I've been searching around stack exchange trying to find a good example on this but most of them seem to require less calculation than this one seems to take.
Find the minimal polynomial of $1+\sqrt[3]2+\sqrt[3]4$ over $\mathbb Q$.
The way I've been approaching it is $$x=1+\sqrt[3]2+\sqrt[3]4\Rightarrow x-1-\sqrt[3]2=\sqrt[3]4$$ then cubing both sides and working from there but it seems to take an awful lot of calculation. Is there a quicker way? I also tried to reverse engineer an answer by checking it on Wolfram Alpha but I think they gave me the wrong answer ($x^3-3x^2-3x-1$) because it wasn't working out for me. But maybe I just did the calculations wrong.

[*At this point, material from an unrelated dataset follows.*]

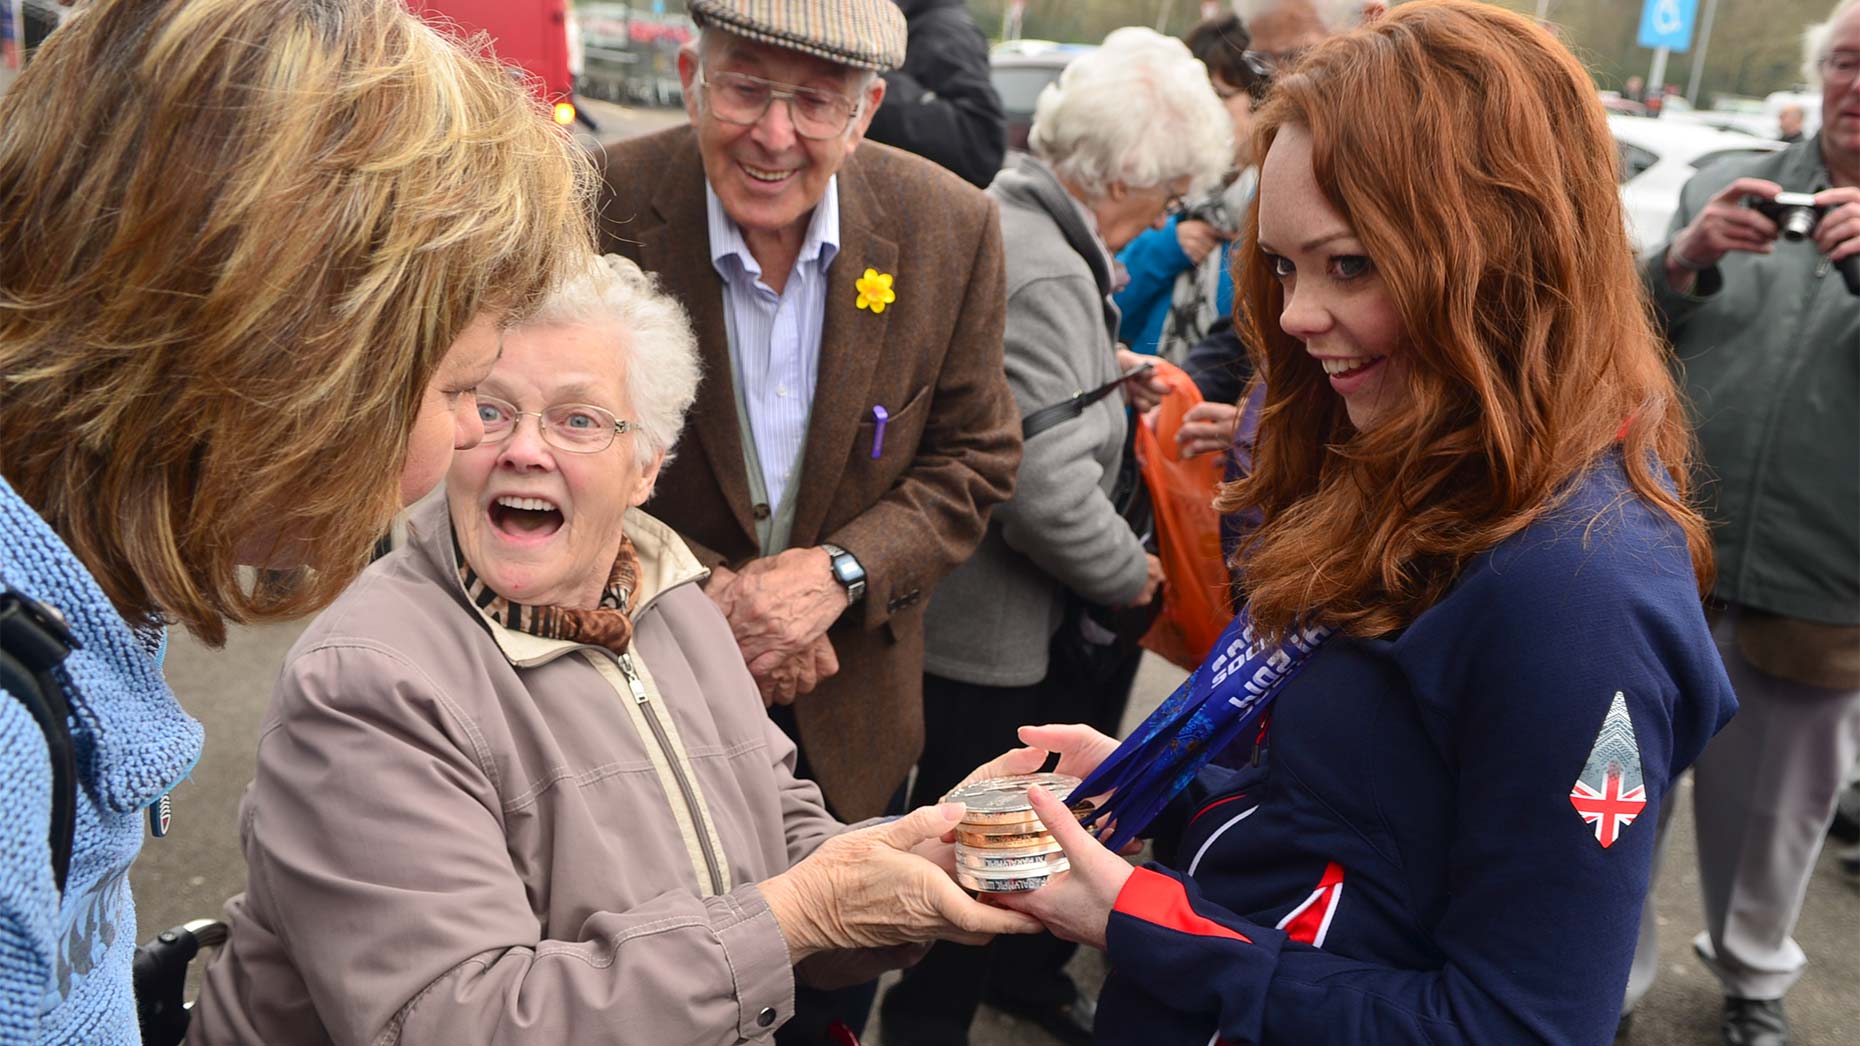 People at Sainsbury's in Lincoln were excited to meet Jade and hold her medals. Photo: Steve Smailes for The Lincolnite

First note that $$1+\sqrt[3]2+\sqrt[3]4=\frac{2-1}{\sqrt[3]2-1}=\frac1{\sqrt[3]2-1}$$ The minimal polynomial of $\sqrt[3]2$ is $x^3-2$. That of $\sqrt[3]2-1$ can be found by substituting $x\to x+1$: $(x+1)^3-2=x^3+3x^2+3x-1$. The minimal polynomial of the original expression is then obtained by reversing the coefficients (to effect the reciprocal): $-x^3+3x^2+3x+1$ or $x^3-3x^2-3x-1$. Wolfram Alpha is right on this one.